Bij een verloren bal buiten een hindernis of in het gebied buiten-de-baan doet u er verstandig aan om alvast een provisionele bal te spelen. Geef een signaal aan de groep achter u om door te lopen als blijkt dat de golfbal niet snel gevonden lijkt te worden. Hierdoor houdt u de groep achter u niet te lang op.
Etiquette: rekening houden met andere spelers op de golfbaan
Niet storen of afleiden: zorg ervoor dat wanneer een andere speler aan de beurt is u de speler niet uit de concentratie haalt door te bewegen, praten of onnodig geluid te maken.
Sta niet dicht bij de golfbal van iemand anders, direct achter de golfbal of direct achter de hole op de green zodra een speler zijn of haar swing wilt maken.
Op de green: op de green hoort u niet op de speellijn van een andere speler te staan of lopen. Let erop dat uw schaduw niet over de speellijn van de speler valt.

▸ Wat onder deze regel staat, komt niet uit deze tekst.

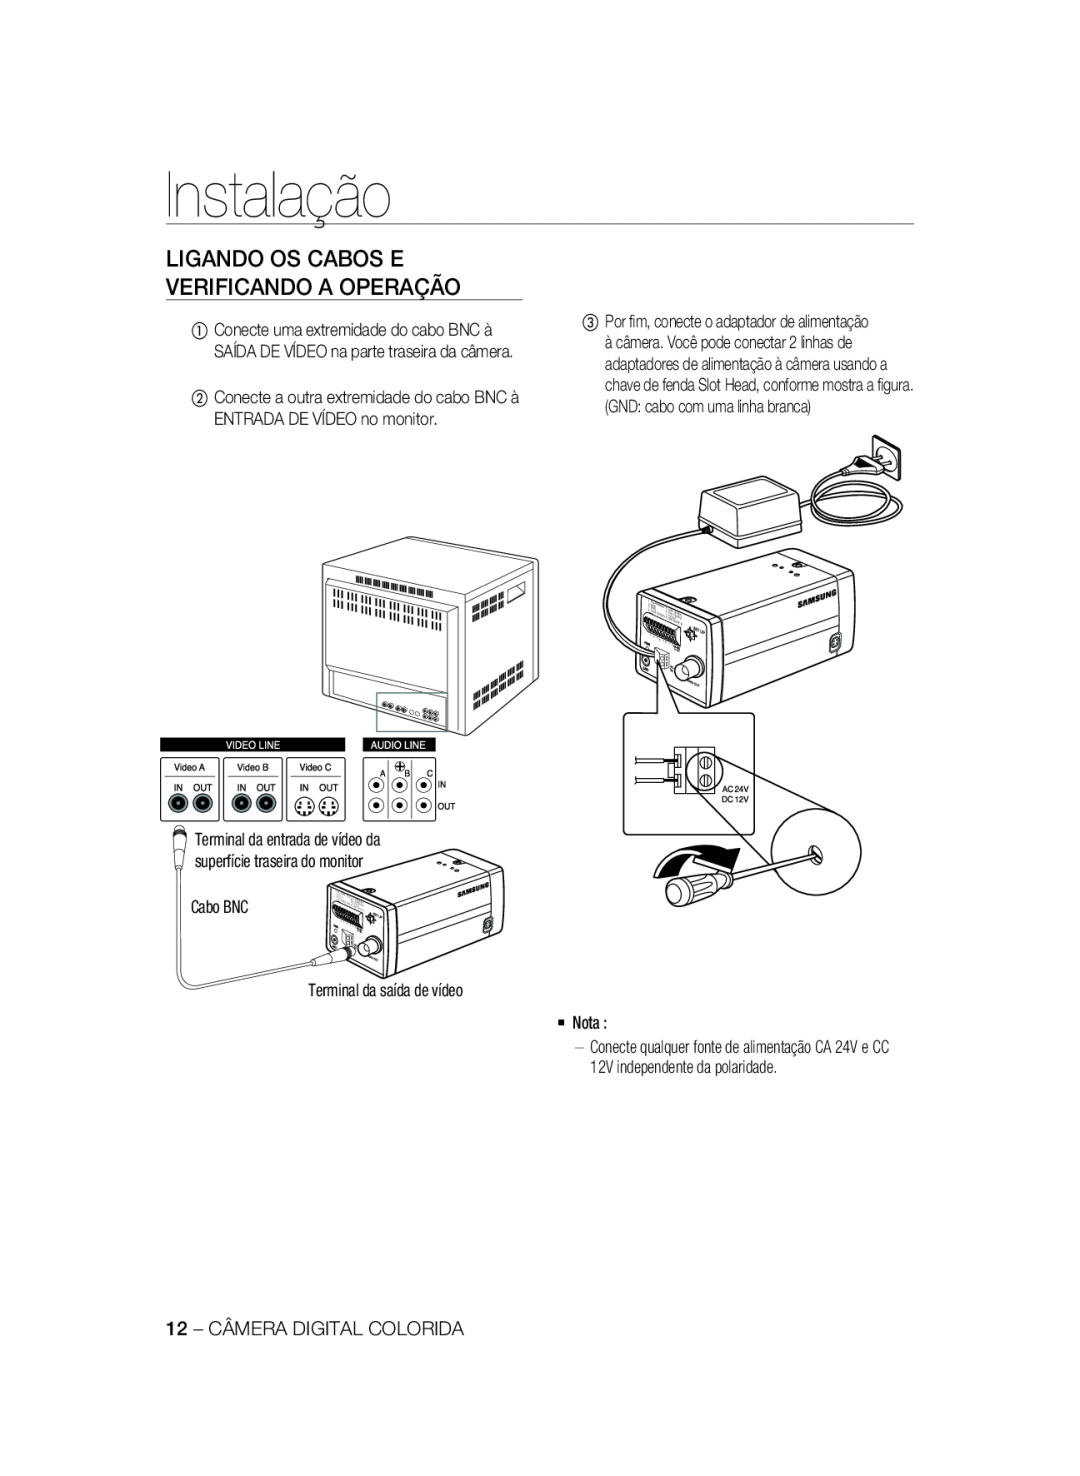 Samsung SCC-A2333P, SCC-A2033P manual Instalação, Ligando Os Cabos E Verificando A Operação 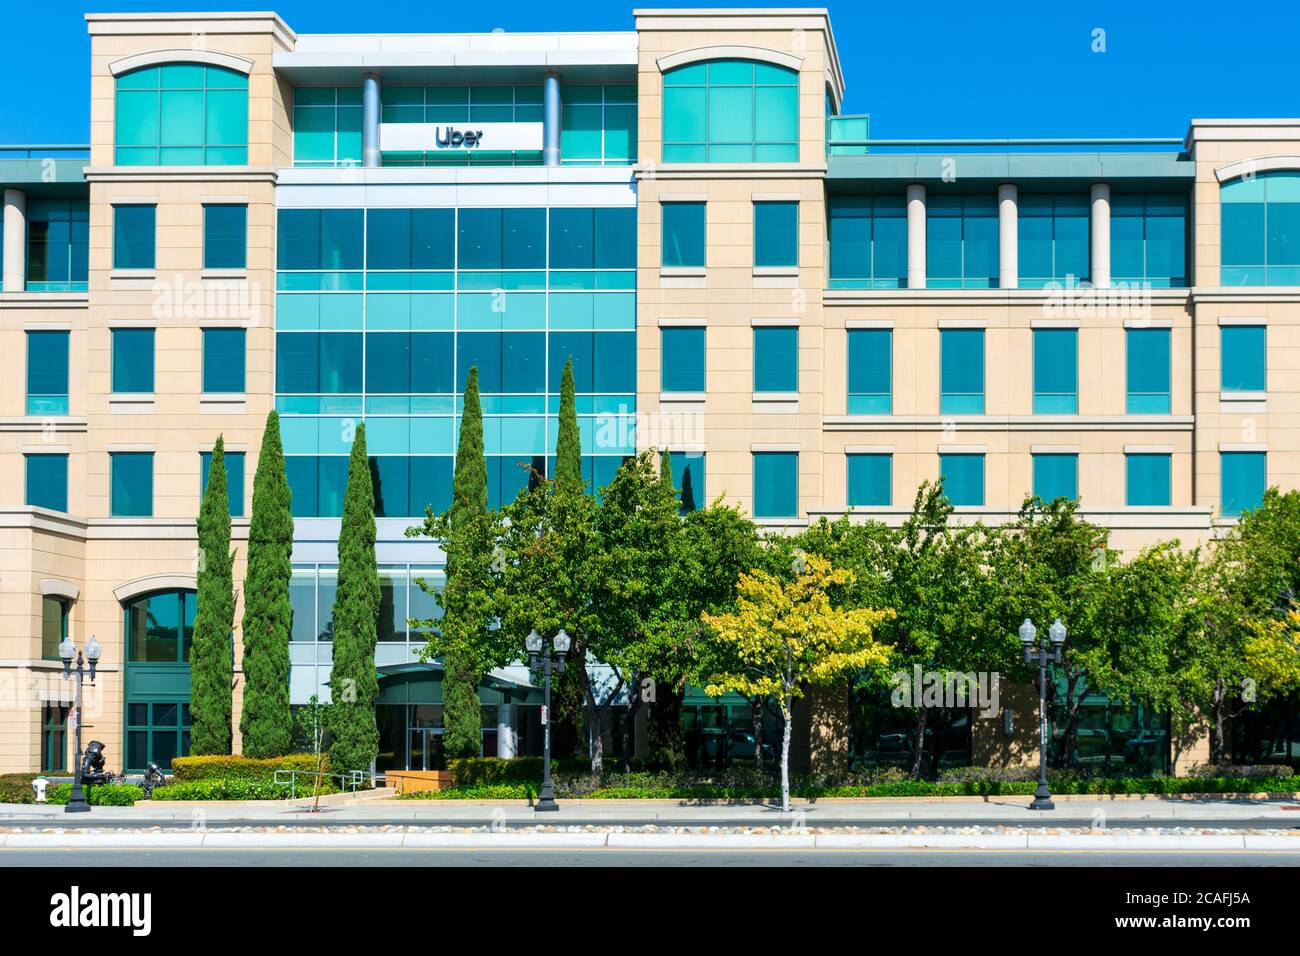 Campus de la Silicon Valley d'Uber. Basé à San Francisco Uber technologies est une compagnie multinationale américaine de transport de passagers - Sunnyvale, Californie, USA - 202 Banque D'Images

Etiquette: veiligheid op de golfbaan
Pas op bij het maken van een swing of oefenswing dat er niet iemand in de buurt van u staat of dat er objecten die weg kunnen schieten bij uw swing (zoals stenen of takken etc.) tegen andere personen aan kunnen komen.
Sla uw golfbal pas als de groep voor u buiten uw bereik is. Als uw golfbal misschien andere personen kan raken, waarschuw deze mensen dan meteen met het traditionele woord 'FORE'.